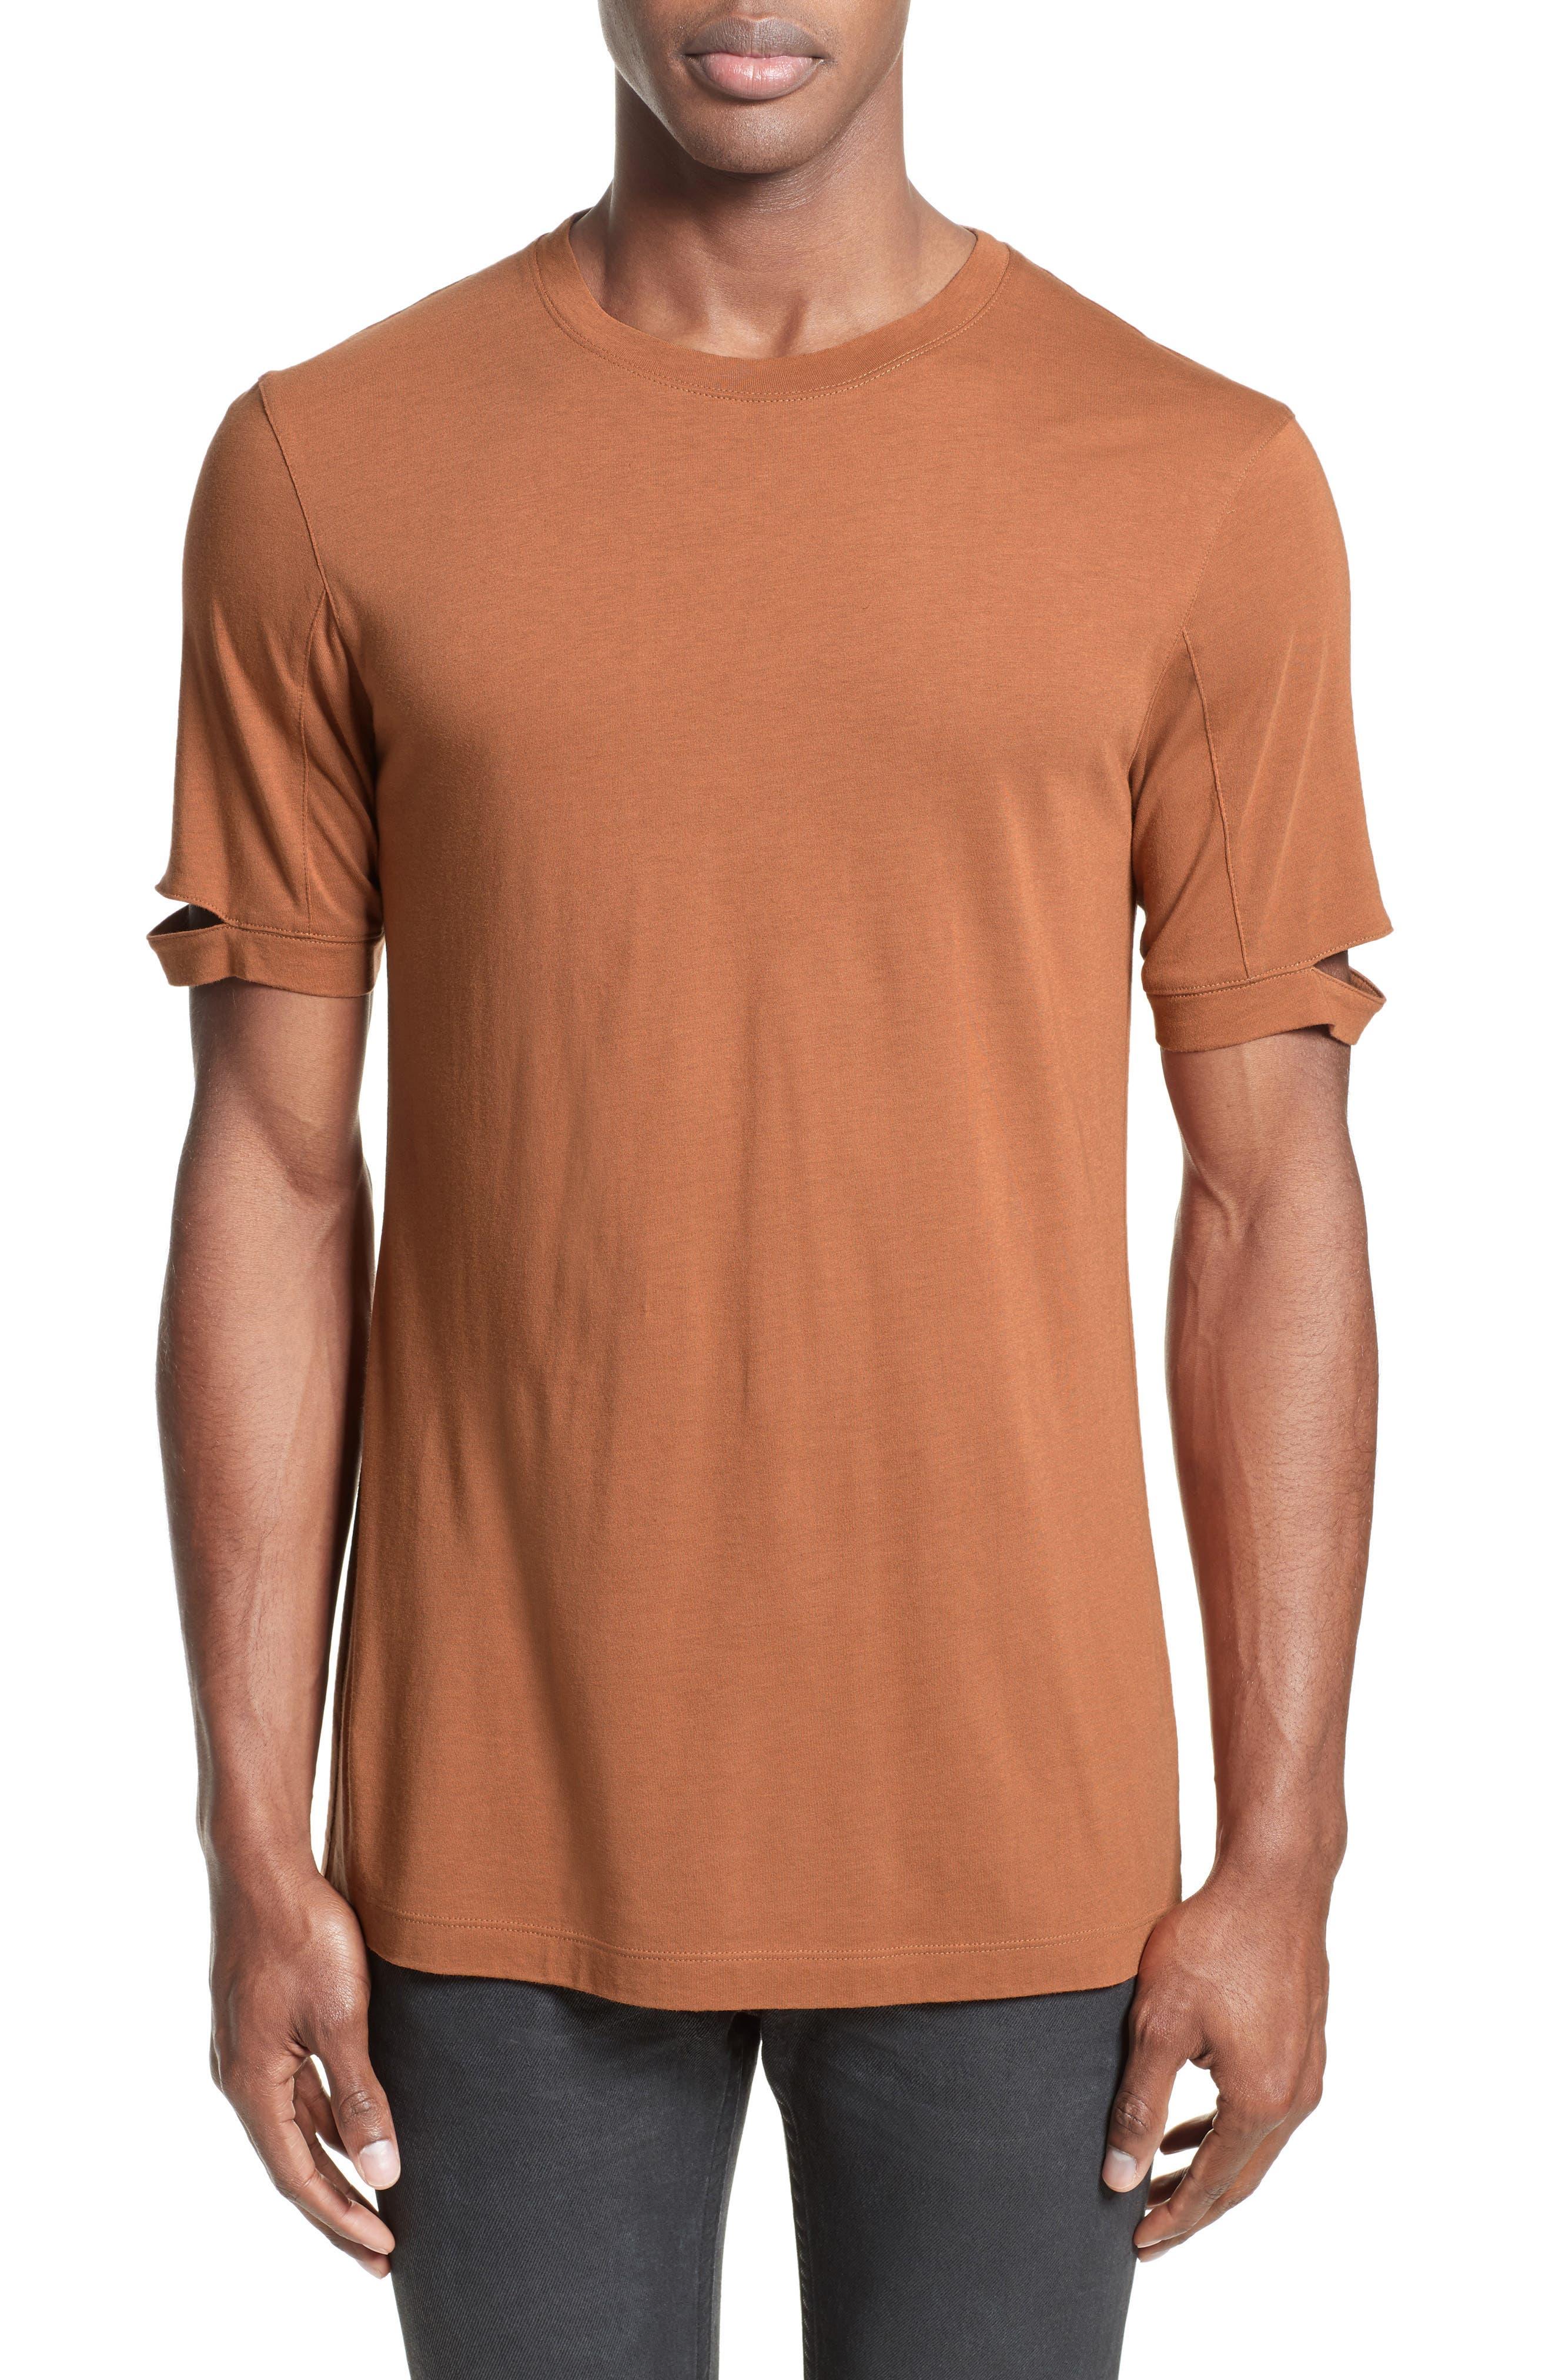 Main Image - Helmut Lang Sliced Sleeve T-Shirt
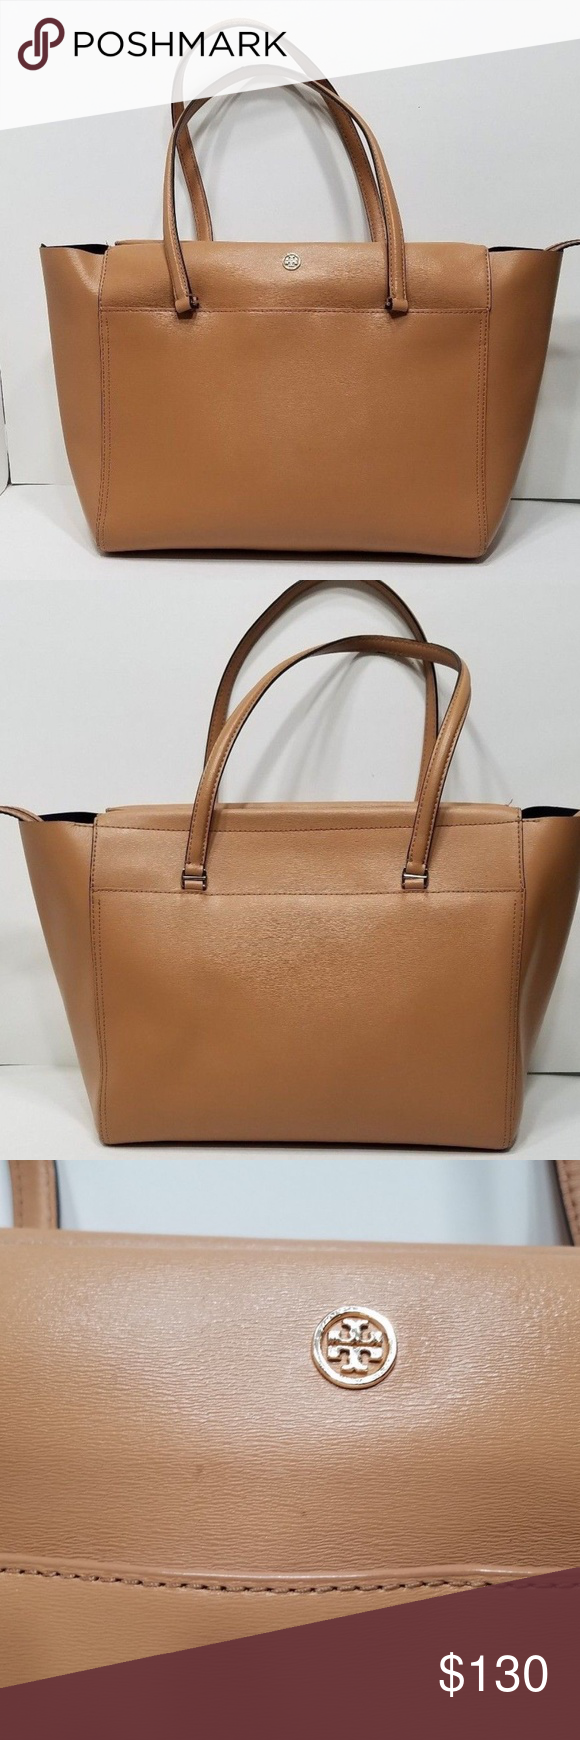 Tory Burch Parker Tote Handbag Purse Saffiano Leather
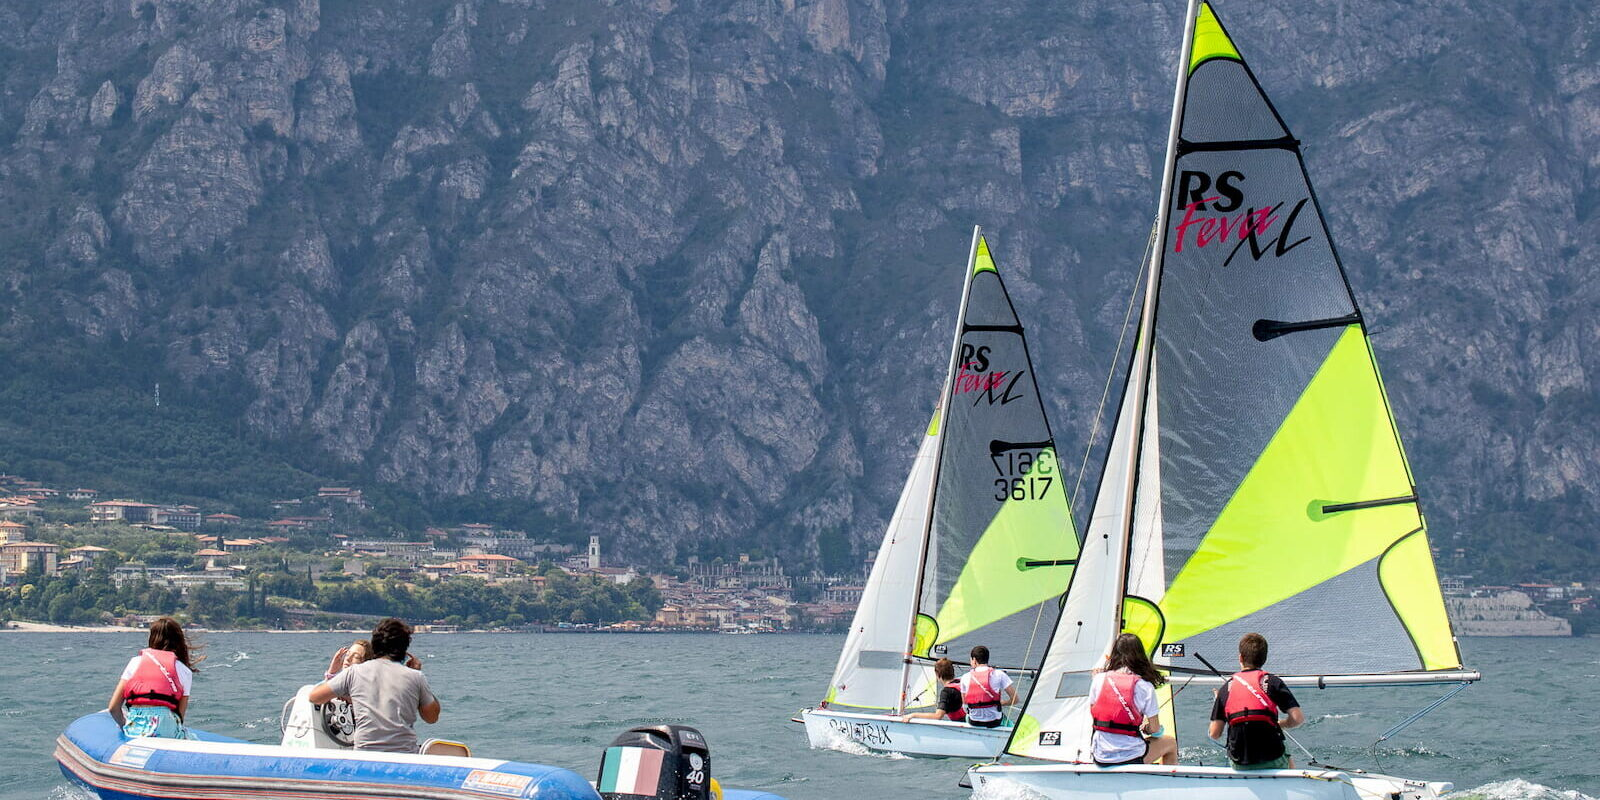 Corso Vela Ragazzi a Malcesine, Lago di Garda Fraglia Vela Malcesine

• **WORK TO COMPLETE**
Could you set down the material above word for word while dropping its pictures?

• **THE ANSWER**
 Main Image - Helmut Lang Sliced Sleeve T-Shirt
 Tory Burch Parker Tote Handbag Purse Saffiano Leather
 Corso Vela Ragazzi a Malcesine, Lago di Garda Fraglia Vela Malcesine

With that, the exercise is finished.